In this work, we present RamanNet, a generalized neural network architecture for Raman spectrum analysis. We take intuitions from the nature of the Raman spectrum and design our model accordingly. We propose modifications to the convolutional network behaviors and emulate such operations using multi-layer perceptrons. This adjustment brings the best out of both worlds and it is reflected in the carefully designed experimental evaluation of the model on 4 public datasets. Not only that, the RamanNet outperforms all the state-of-the-art approaches in Raman spectroscopy analysis, it achieves it by adopting much less complexity. Moreover, RamanNet generates embeddings from spectrum which is much better than what is obtained from PCA, the de facto standard in Raman spectrum analysis. Furthermore, an interpretability study of RamanNet particularly on a disease dataset and it was revealed that the model is capable of focusing on (biologically) meaningful information.

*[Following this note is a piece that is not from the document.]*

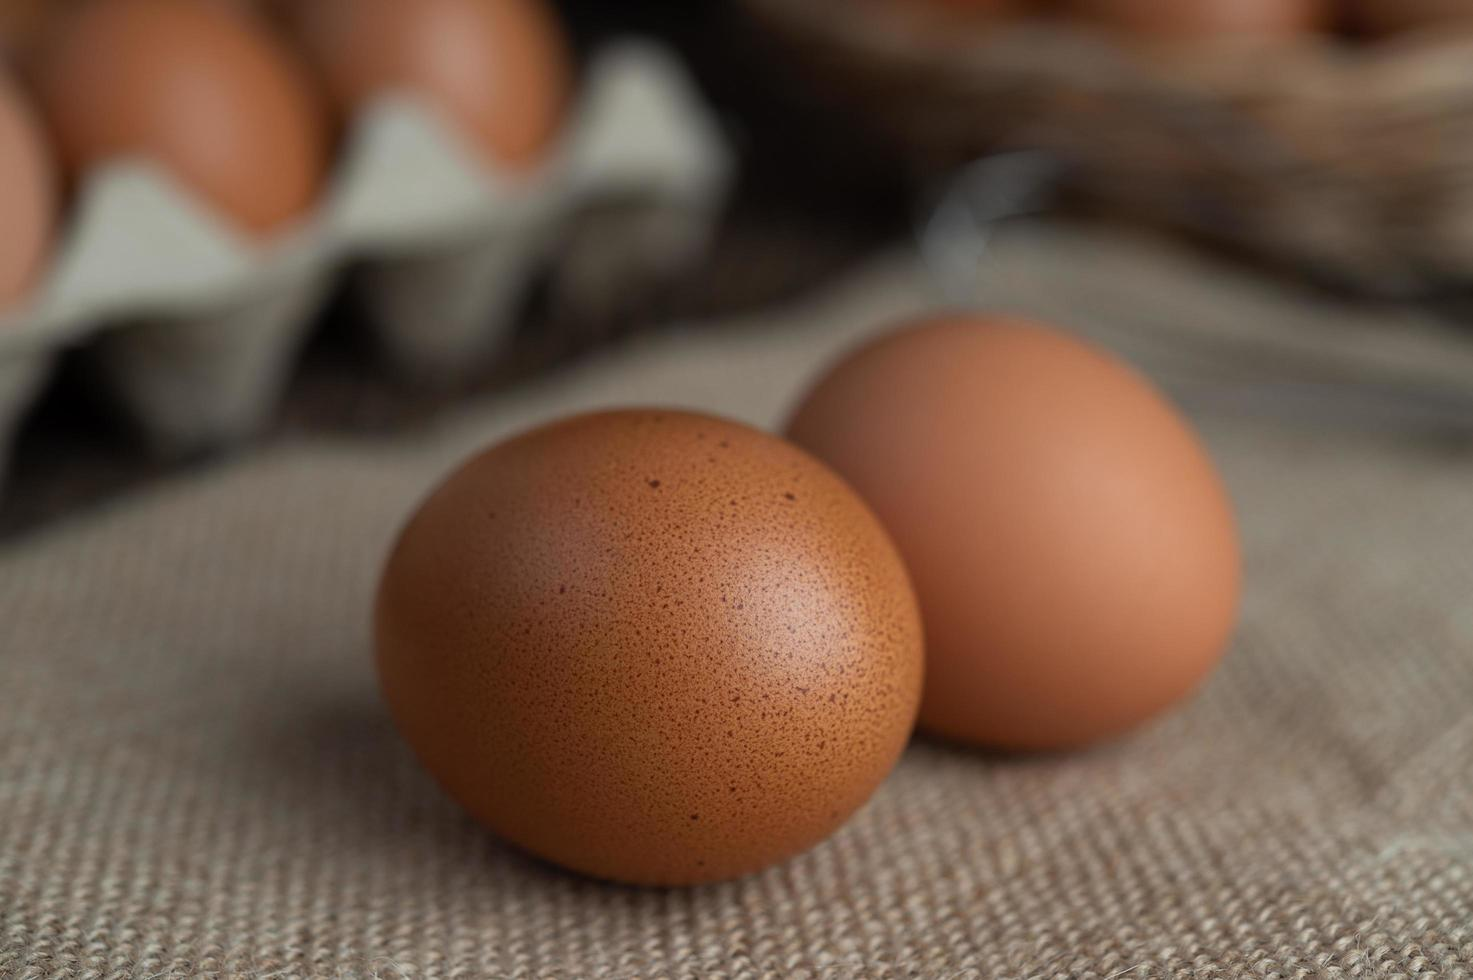 uova biologiche crude su un sacco di canapa foto

Nevertheless, some weaknesses or limitations of this work may be postulated. RamanNet uses MLP layers at the input level to analyze the spectrum which is not too different from CNN layers. The issue with such layers is that they can only learn a set of fixed filters and cannot account for variabilities in the input after a certain degree. Using self-attention in the input should be able to circumvent this limitation of the existing models, as it enables the model to learn adaptive weights based on inputs [41]. Additionally, the different segments of the spectrum are limitedly coupled during the computation of the model. This is true for both MLP and CNN-based models. Using transformer architecture has the potential to alleviate this limitation, since through query-key-value computation, different segments of the input are compared against the rest of the input [40]. All these can be incorporated in the successive developments of future iterations of RamanNet.

The future direction of this research can be manifold. Firstly, we wish to evaluate RamanNet on more large-scale datasets, as they become public. Pretraing deep learning models on a large possibly unlabeled dataset has become a popular paradigm in recent times, which can also be adapted for Raman spectrum analysis. Secondly, we have not performed any preprocessing or background removal of the spectra, we wish to investigate this further with a more dedicated study to infer the denoising capabilities of RamanNet. Last but not least, we also wish to experiment with multiple particle data to assess if RamanNet is capable of identifying, segmenting, and extracting the signatures of the different particles.